*** Opening of Records for this task ***

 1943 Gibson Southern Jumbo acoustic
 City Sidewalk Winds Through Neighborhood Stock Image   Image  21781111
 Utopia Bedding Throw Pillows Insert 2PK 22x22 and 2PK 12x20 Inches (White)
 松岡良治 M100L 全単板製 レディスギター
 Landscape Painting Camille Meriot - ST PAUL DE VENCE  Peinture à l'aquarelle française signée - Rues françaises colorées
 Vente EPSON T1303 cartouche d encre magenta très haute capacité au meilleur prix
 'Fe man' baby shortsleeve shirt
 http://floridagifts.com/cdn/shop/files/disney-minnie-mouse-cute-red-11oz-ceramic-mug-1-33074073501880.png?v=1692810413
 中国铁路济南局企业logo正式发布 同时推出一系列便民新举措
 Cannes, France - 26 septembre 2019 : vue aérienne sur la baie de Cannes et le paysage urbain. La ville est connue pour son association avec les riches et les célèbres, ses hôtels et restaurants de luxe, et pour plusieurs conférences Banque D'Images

*** Close of Records for this task ***

**About this exercise**
Print all records shown above, word for word.

**Answer for the task**
 1943 Gibson Southern Jumbo acoustic
 City Sidewalk Winds Through Neighborhood Stock Image   Image  21781111
 Utopia Bedding Throw Pillows Insert 2PK 22x22 and 2PK 12x20 Inches (White)
 松岡良治 M100L 全単板製 レディスギター
 Landscape Painting Camille Meriot - ST PAUL DE VENCE  Peinture à l'aquarelle française signée - Rues françaises colorées
 Vente EPSON T1303 cartouche d encre magenta très haute capacité au meilleur prix
 'Fe man' baby shortsleeve shirt
 http://floridagifts.com/cdn/shop/files/disney-minnie-mouse-cute-red-11oz-ceramic-mug-1-33074073501880.png?v=1692810413
 中国铁路济南局企业logo正式发布 同时推出一系列便民新举措
 Cannes, France - 26 septembre 2019 : vue aérienne sur la baie de Cannes et le paysage urbain. La ville est connue pour son association avec les riches et les célèbres, ses hôtels et restaurants de luxe, et pour plusieurs conférences Banque D'Images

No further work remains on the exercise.